How can timeout be increased so that till response is processed, request does not timeout?
Tomcat settings in Spring Boot:
server.tomcat.max-connections=2000
server.tomcat.max-threads=200
server.connection-timeout=1200000
Request per second were raised constantUsersPerSec(20) during (15)
to 300 during course of 15 seconds and all requests were served as can be seen in plot below from gatling(blue).
scn.inject(
constantUsersPerSec(20) during (15),
)
This is due to max-connections = 2000
which served 300 requests using 200
worker threads.
Controller is written in Spring MVC which returns DeferredResult
which does asynchronous request processing and therefore will resume response once response is processed.
But even though server.connection-timeout
is set to high number 1200000
there are lot of 503 towards end (red)
> status.find.in(200,304,201,202,203,204,205,206,207,208,209), b 78 (100.0%)
ut actually found 503
Gatling.conf is also set for increased timeout:
timeOut {
simulation = 8640000 # Absolute timeout, in seconds, of a simulation
}
ahc {
#keepAlive = true # Allow pooling HTTP connections (keep-alive header automatically added)
connectTimeout = 600000 # Timeout when establishing a connection
handshakeTimeout = 600000 # Timeout when performing TLS hashshake
pooledConnectionIdleTimeout = 600000 # Timeout when a connection stays unused in the pool
readTimeout = 600000 # Timeout when a used connection stays idle
#maxRetry = 2 # Number of times that a request should be tried again
requestTimeout = 600000
As per comments from Rcordoval -
Check this property: spring.mvc.async.request-timeout= # Amount of time before asynchronous request handling times out
This setting helps with rest of gatling configurations
spring.mvc.async.request-timeout=1200000
The root cause however is that when requests come in large numbers, then all worker threads (200) get occupied in uploading open connections (2000) (the Controller is taking MultipartFile as argument and returning a DeferredResult )
I think DeferredResult
shines when request serve logic is fast and business logic is slow (runs on forkjoin.commonPool). It does not quite fits with MultiPartFile uploads (blocking and slow) and more so when File sizes are big since then responses are not quickly resumed (as can be seen in above response per sec chart, only after few seconds responses start resuming since open connections are 2000 and workers only 200).
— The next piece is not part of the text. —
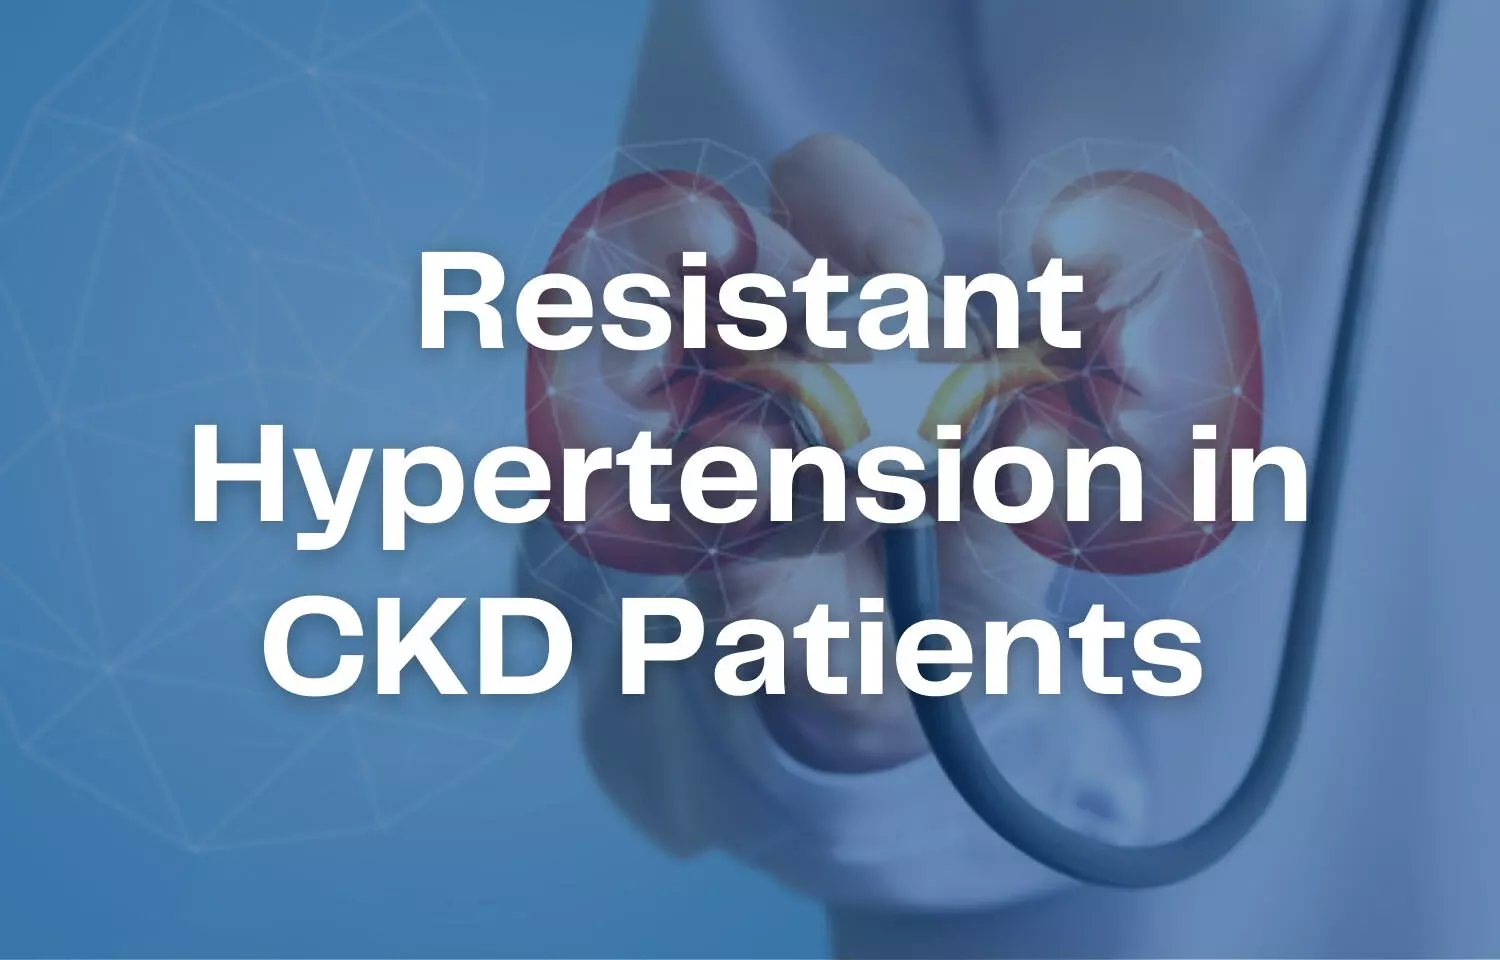 Treating Resistant Hypertension in CKD patients- A Double challenge for physicians

If workers are increased, it then mitigates advantages of async processing anyway.
In this case, request processing (upload and blocking) was slow and business logic was fast. so responses were getting ready but all the worker threads (200) are so busy serving more and more requests that responses are not getting resumed and timing out as a result.
Probably makes a case for having separate pool for request serve
and response resume
in async processing with DeferredResult ?